SWE and SWD measurements were conducted in the intercostal view under gentle free-breath conditions. Quad-view mode, including SWE, SWD, propagation map, and corresponding grayscale map, can simultaneously depict four maps; we placed a 2 × 2 cm-sized sample box at a consistent depth below the liver capsule and obtained values within a uniform color-coded map with a parallel propagation area. The median stiffness (kPa) and viscosity (m/s/kHz) values, obtained from ten measurements on the SWE map and SWD map, were utilized in the analysis to yield reliable measurements [26].

For veno-occlusive disease patients, additional US follow-up examinations outside the study protocol were performed at the clinician’s request until there was no further clinical evidence of veno-occlusive disease. To assess serial changes in parameters before and after the diagnosis of veno-occlusive disease, we analyzed the changes in US data based on the time of diagnosis, including the additional US. In each patient, we reordered and named the US sessions as follows: the session just before diagnosis (− 1 session), the session at diagnosis (0 session), the first follow-up session after diagnosis (+ 1 session), and the second follow-up session after diagnosis (+ 2 session). The parameter values corresponding to each reordered US session were averaged across patients.

The clinical diagnosis of veno-occlusive disease was based on the European Society for Blood and Marrow Transplantation criteria for pediatric patients [5]. Veno-occlusive disease was clinically diagnosed if two or more criteria were present: transfusion-refractory thrombocytopenia, weight gain (≥5% above baseline), bilirubin ≥2 mg/dL within 3 days, hepatomegaly, and ascites.

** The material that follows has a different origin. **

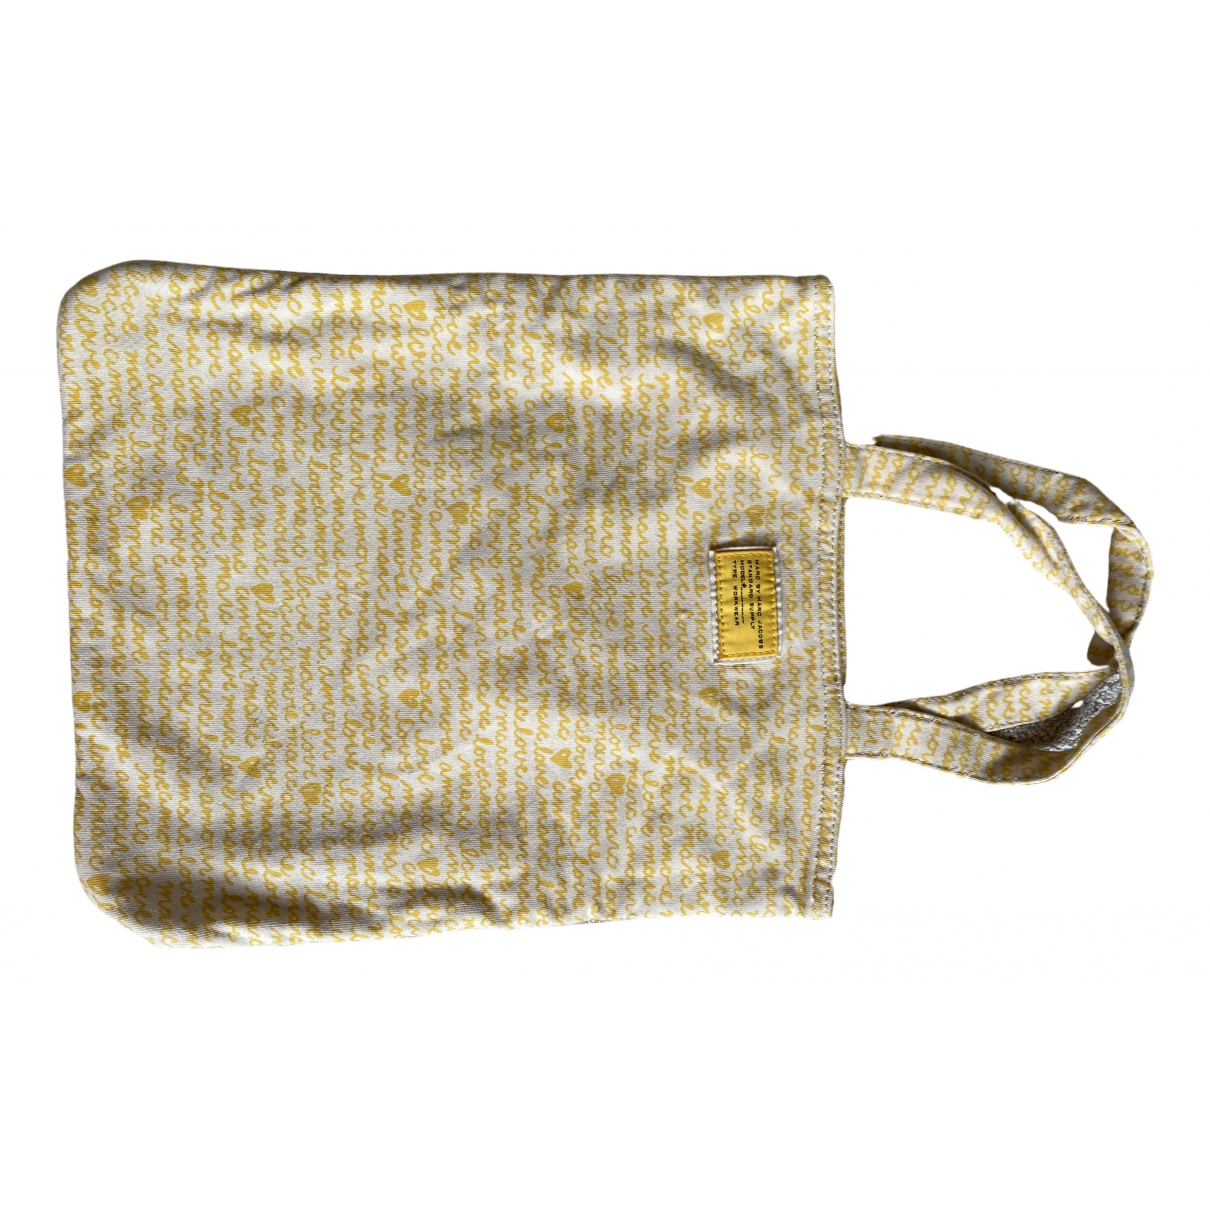 Marc By Marc Jacobs N Yellow Cloth handbag for Women N

The severity of veno-occlusive disease was classified into three categories, ranging from mild to severe, based on clinical parameters assessed on the day of each US session. The severity of veno-occlusive disease by the European Society for Blood and Marrow Transplantation criteria included the following conditions: serological liver function abnormalities, such as increased transaminases to twice the normal range (mild) or less than five times (moderate), lasting days of refractory thrombocytopenia, hyperbilirubinemia, ascites, glomerular filtration rate, pulmonary, and coagulation status [5].

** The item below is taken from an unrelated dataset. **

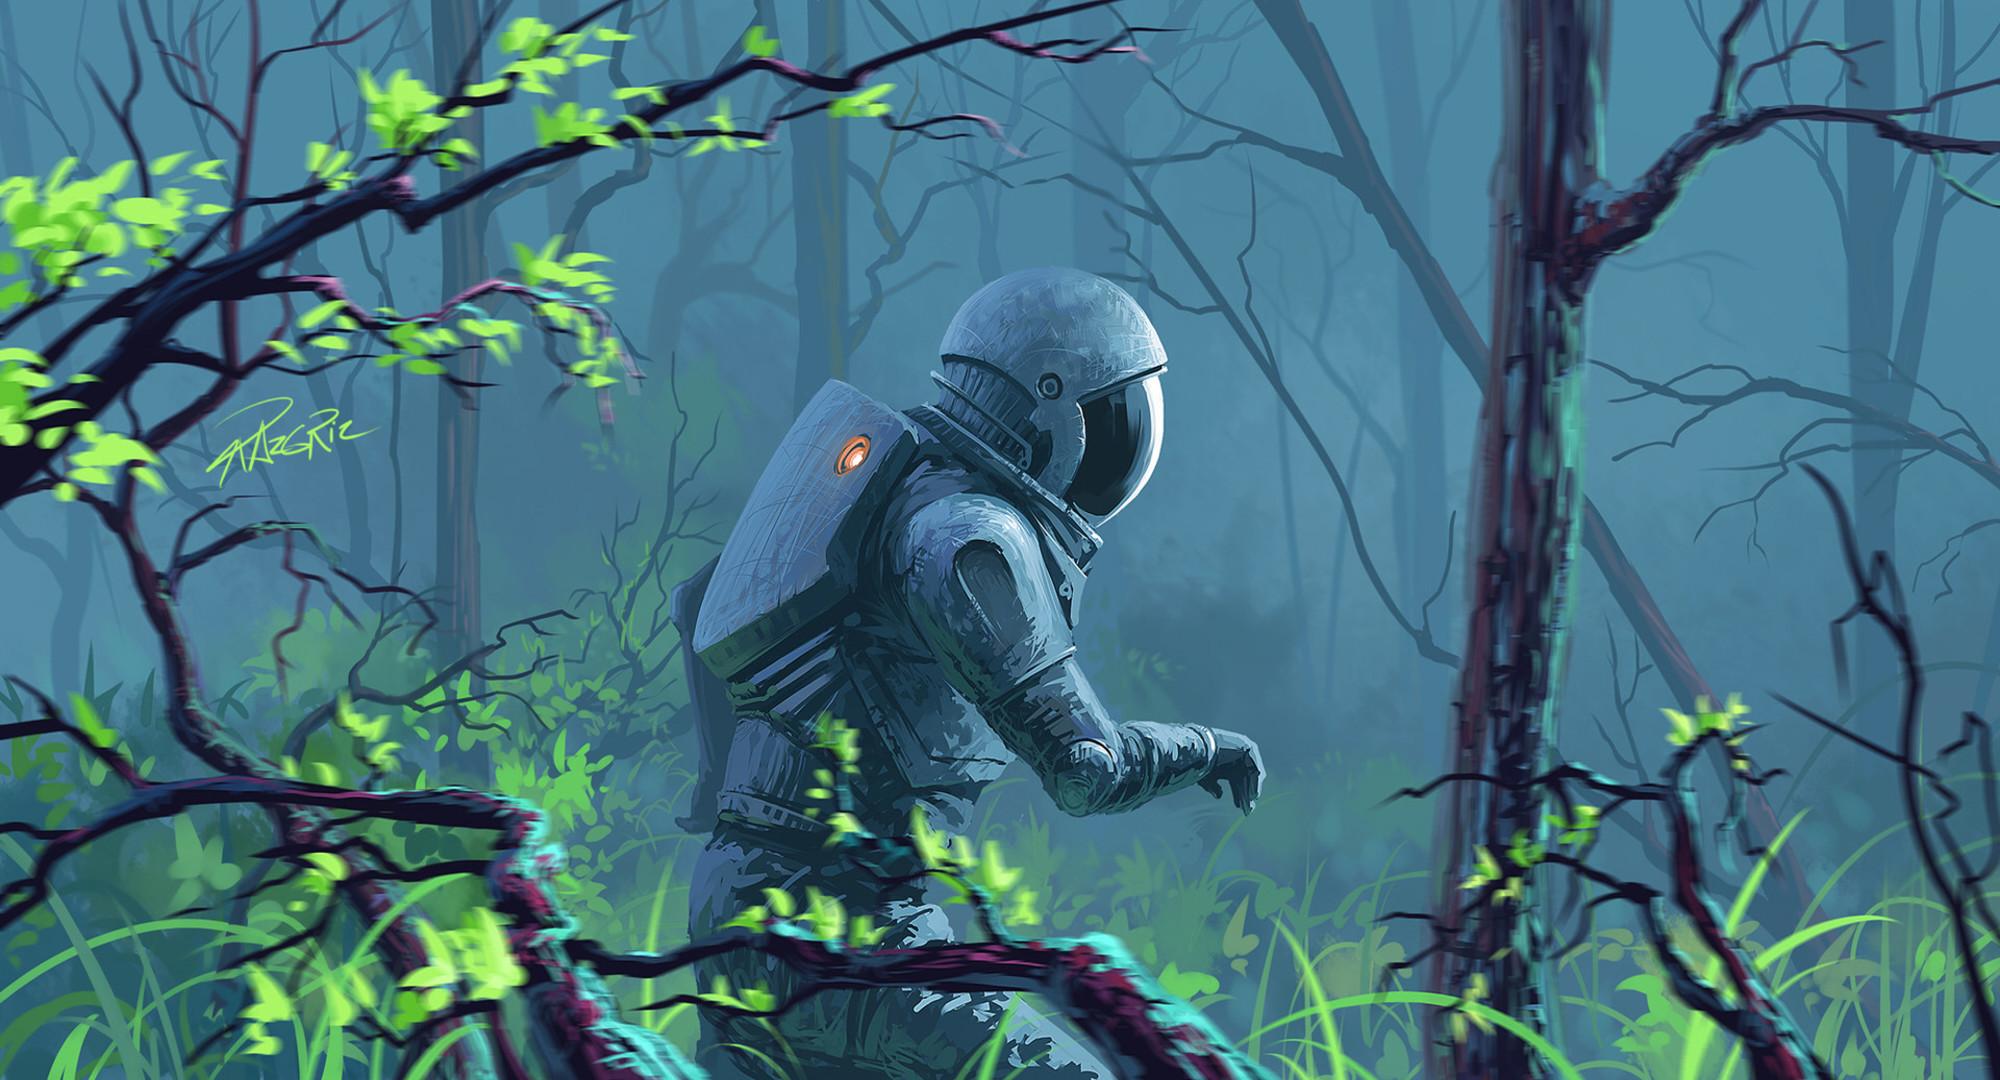 Astronaut 2000x1080

For veno-occlusive disease prophylaxis, all patients received a continuous infusion of lipo-prostaglandin E1 (Dongkook Pharm., Seoul, Korea) at a dose of 1 µg/kg per day with or without the addition of low-molecular-weight heparin (Handok Inc., Seoul, Korea) according to institutional guidelines for hematopoietic stem cell transplantation. Patients diagnosed with veno-occlusive disease were treated with defibrotide (Handok Inc.) until the resolution of veno-occlusive disease.

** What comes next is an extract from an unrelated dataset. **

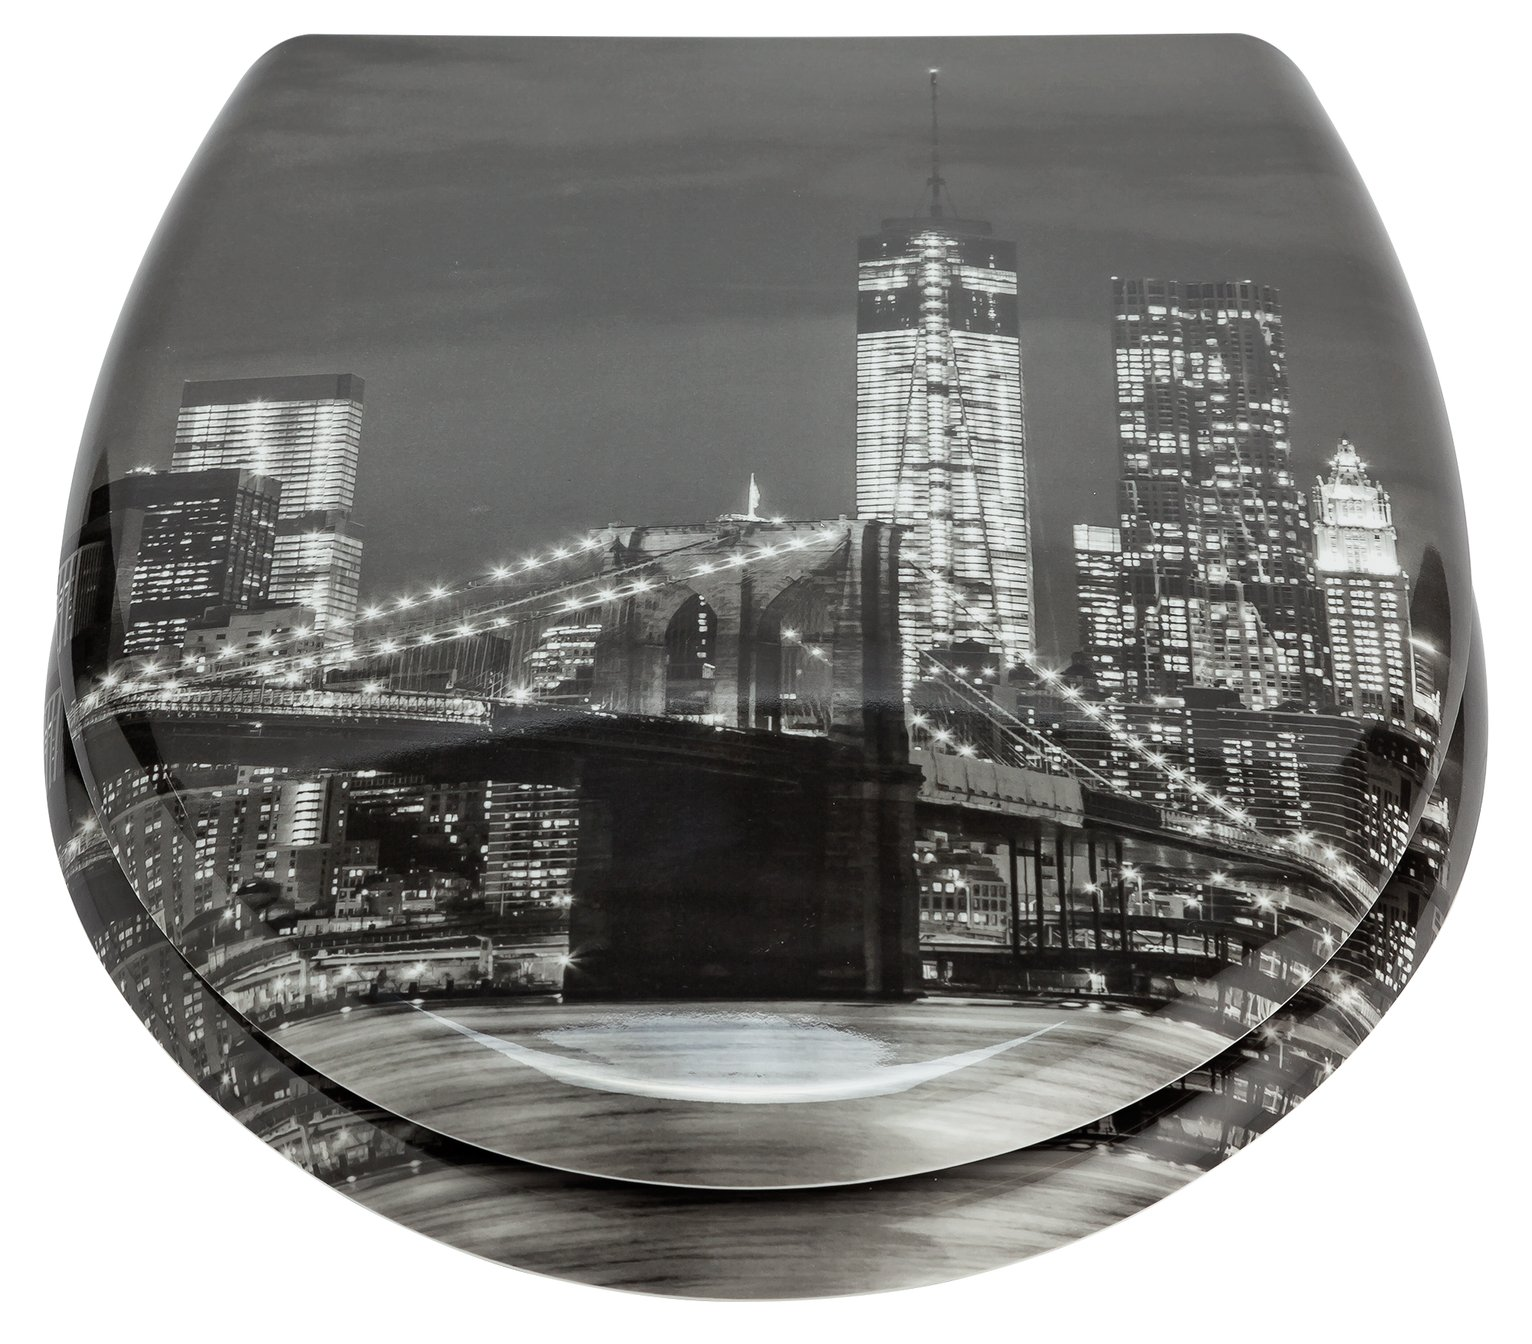 Argos Home New York City Skyline Toilet Seat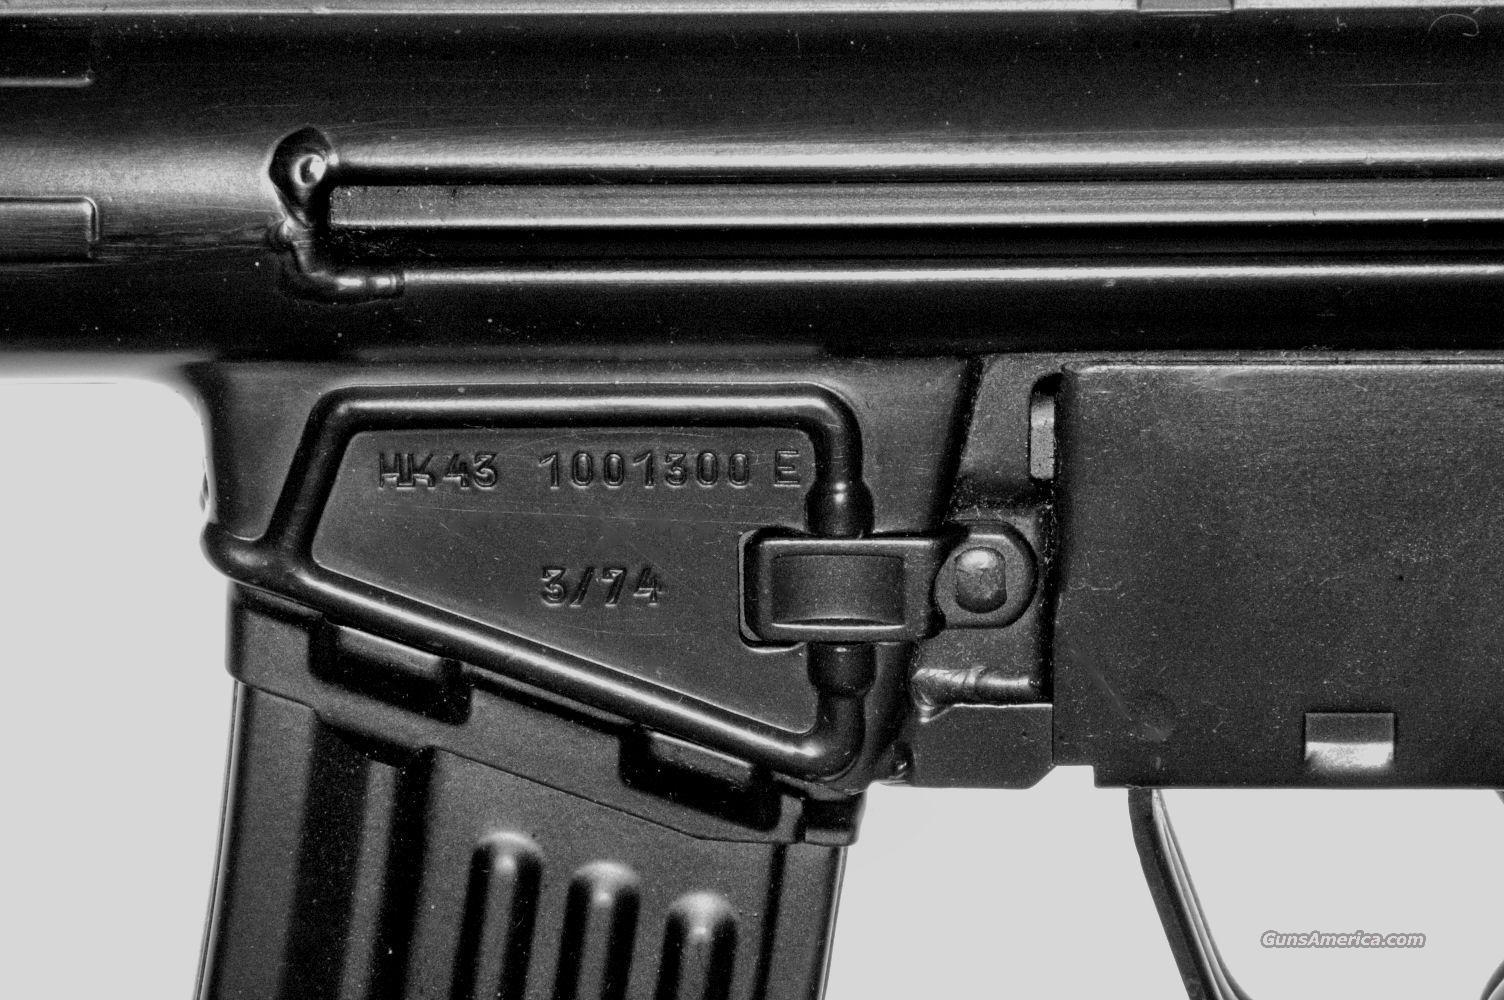 H&K HK43

The distribution of clinical variables was summarized, and a comparison was conducted between the clinical factors and US parameters of the veno-occlusive disease and non-veno-occlusive disease groups during the surveillance period following hematopoietic stem cell transplantation. Continuous variables between the groups were compared using either the independent t-test or the Wilcoxon rank-sum test. Categorical variables were analyzed using the Fisher’s exact test.

The diagnostic performance of the US parameters for detecting veno-occlusive disease was evaluated by constructing receiver operating characteristic (ROC) curves. Cutoff values for the US parameters were determined using the Youden J index to optimize sensitivity and specificity. A generalized estimating equation analysis was carried out to assess the predictors of veno-occlusive disease with the clinical and US parameters. This model accounted for the correlation between repeated measurements within an individual. Significant factors identified in the univariate analysis (those with P<0.20) were included in the multivariate analysis. In the multivariate analysis, statistical significance was defined as P<0.05. In addition, the descriptive analysis was only performed to compare the temporal changes in US data before/after clinical veno-occlusive disease diagnosis due to the limited number of patients in each session of veno-occlusive disease patients. All statistical analyses were conducted using SAS statistical software (SAS system for Windows, version 9.4; SAS Institute, Cary, NC).